Камау давно смотрел не в бинокль. Всякий раз, когда этот странный белый затевал игру с прозрачной смертью, запертой в ящике, охотник следил за ним, держа наготове «ремингтон», а на случай, если не повезет, то китайскую «шоулюдань», ручную гранату оборонительного типа. Он видел каждое движение, каждую судорогу каждой мышцы, но все равно пропустил миг, когда рука Маллесона метнулась к лицу и полоснула по медузообразной слизи факелом полевой зажигалки, выведенной на максимум. Желто-синим палящим языком он хлестал и хлестал по корчащейся, свистящей в огне плоти, пока она не стала пузырящимися лохмотьями опадать ему на грудь и плечи. Кровь, струившаяся по лицу, ползла из каждой поры, из носа и ушей; густые капли повисали на веках, запекаясь грязно-бурыми сталактитами.
Камау повидал многое. Младшего брата, в десяти шагах от него изорванного очередями тяжелого пулемета. Человека, ужаленного бушмайстером, разбухающего и блюющего черными сгустками. Мостовые прифронтового городка, сплошь покрытые густой багровой жирной смесью из трупов, размолотых гусеницами. Но это – это было почему-то в сотни раз отвратительнее. Забыв про оружие; охотник попятился назад и едва не сорвался со скалы.

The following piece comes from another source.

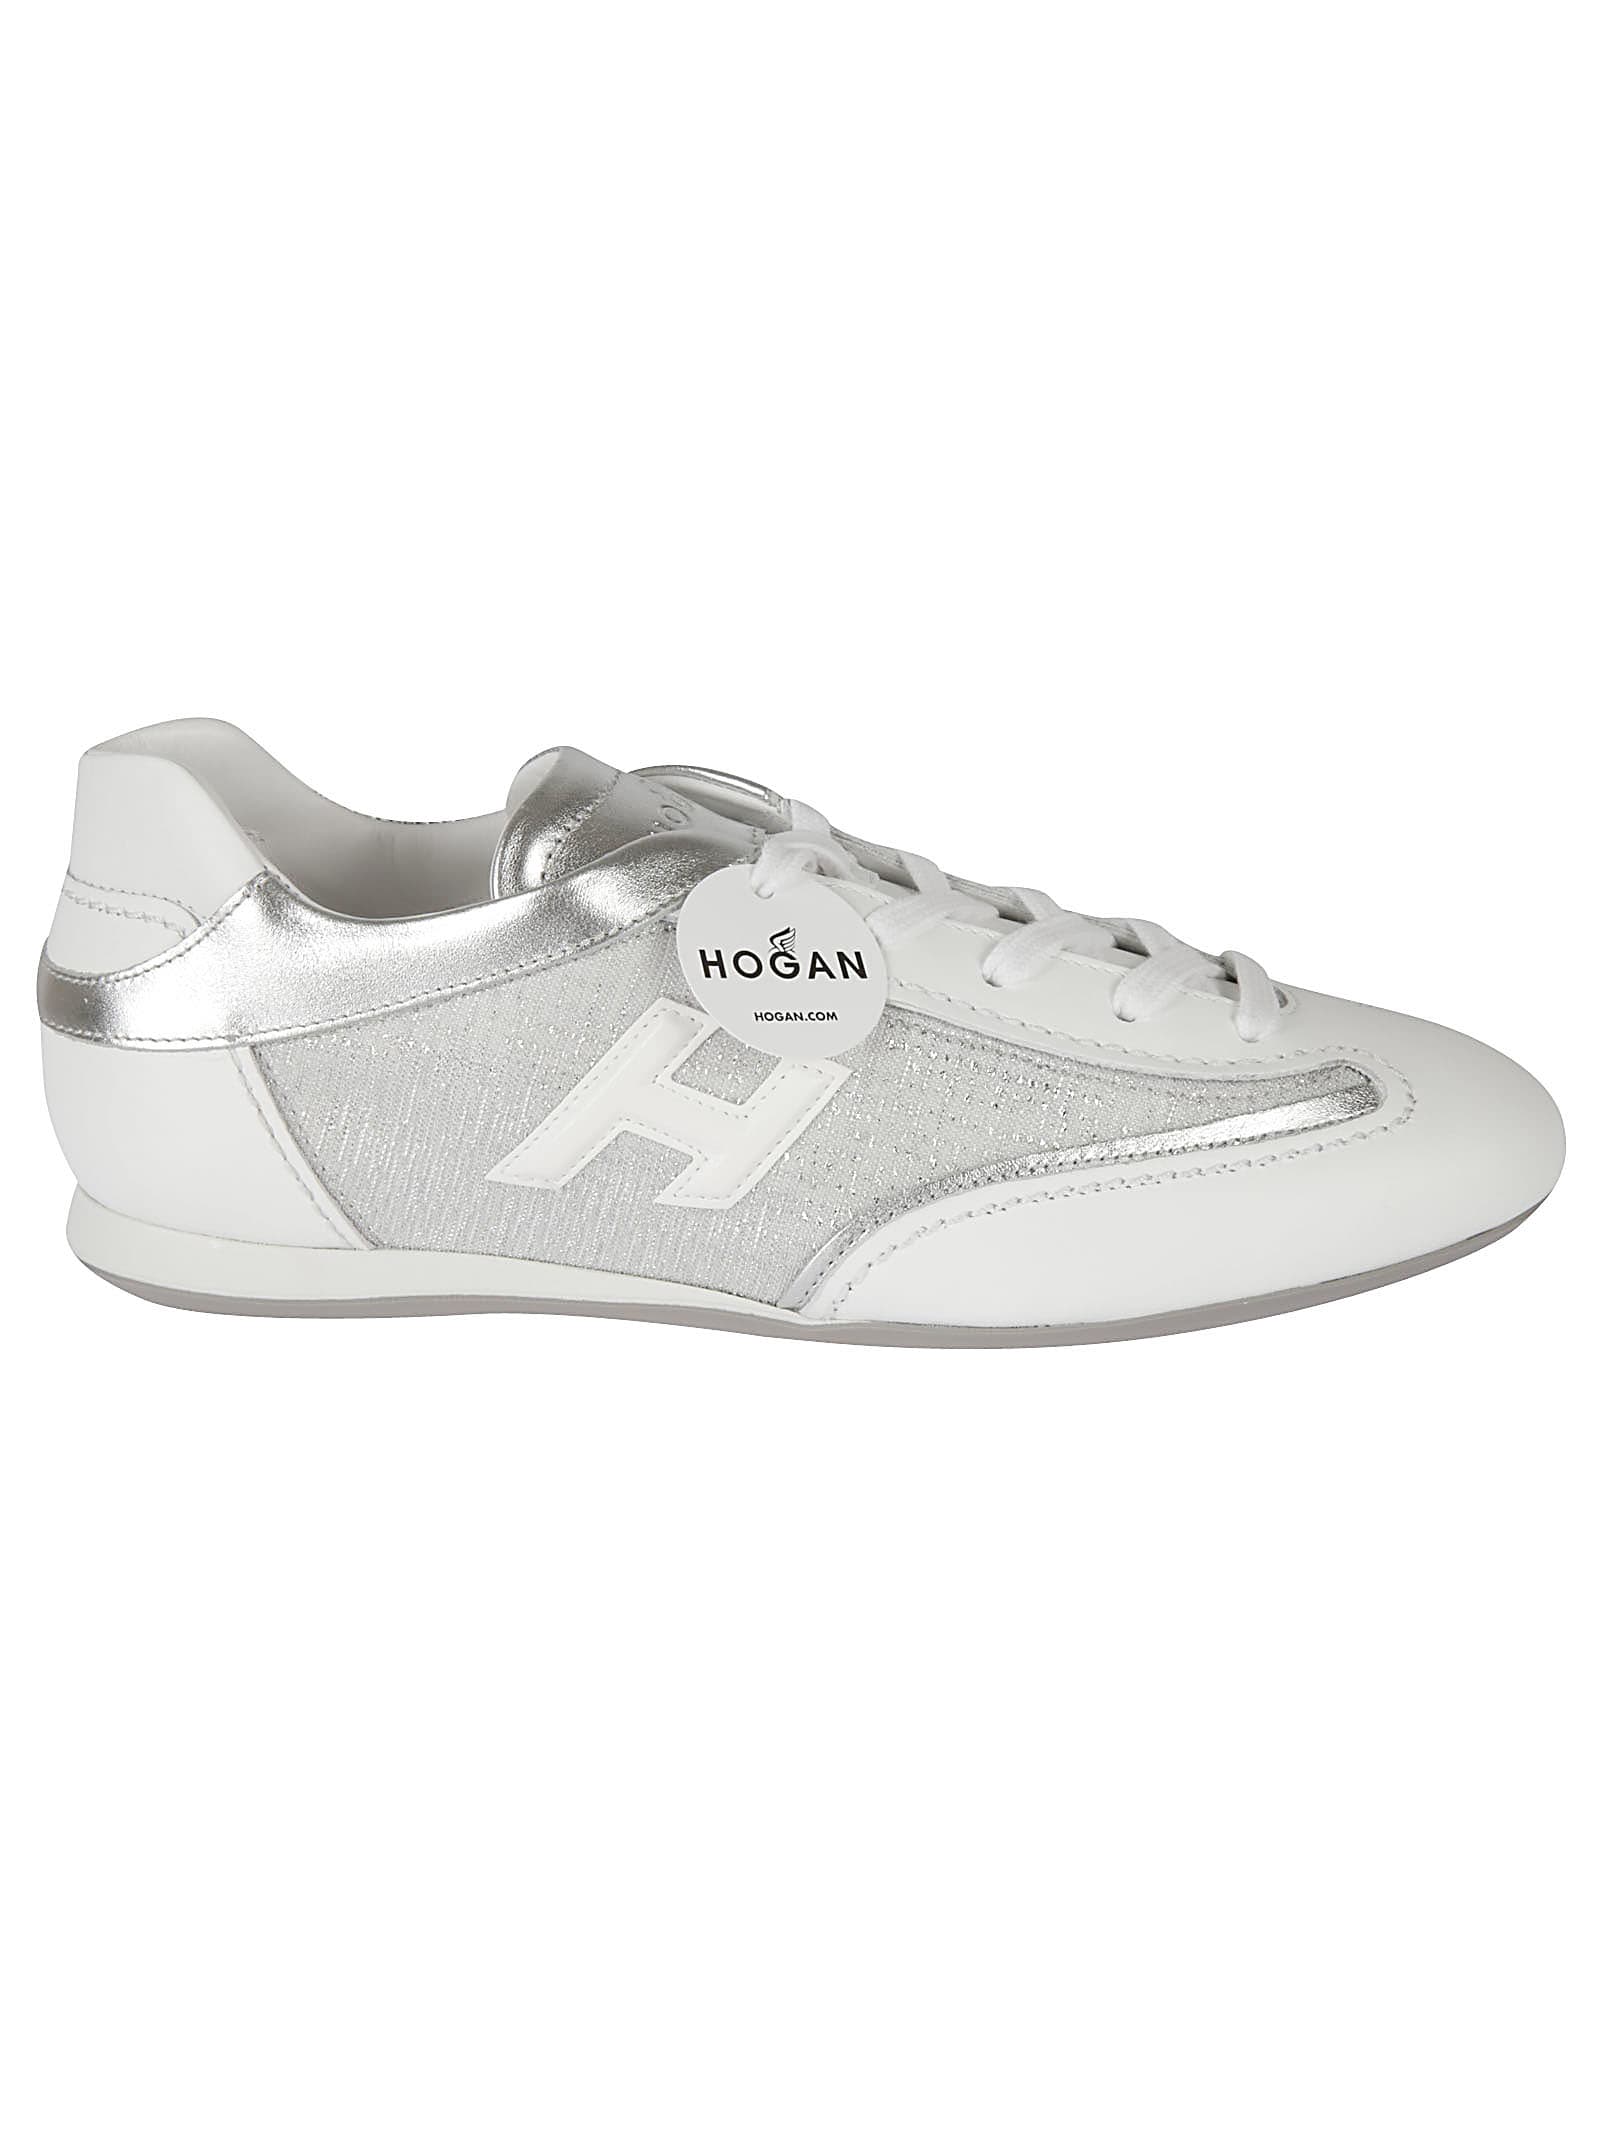 Hogan Olympia Sneakers In White | ModeSens

Маллесон уже чувствовал в пальцах боль от ожога, когда последние сгустки оползли и шмякнулись на красную лавовую плиту. Лицо горело, словно он жег собственную кожу, слипшиеся легкие не впускали воздух, и майор, шатаясь, рухнул, едва успев выставить руки.
Перед самыми его глазами медленно корчилось и разрасталось то, что секунду назад ой выжигал прямо на себе. Майор знал, что сорванной маски касаться нельзя: агонизируя, она в десятки раз агрессивнее, и на этот раз освободиться будет невозможно. Из последних сил он стал отползать назад, но вдруг остановился.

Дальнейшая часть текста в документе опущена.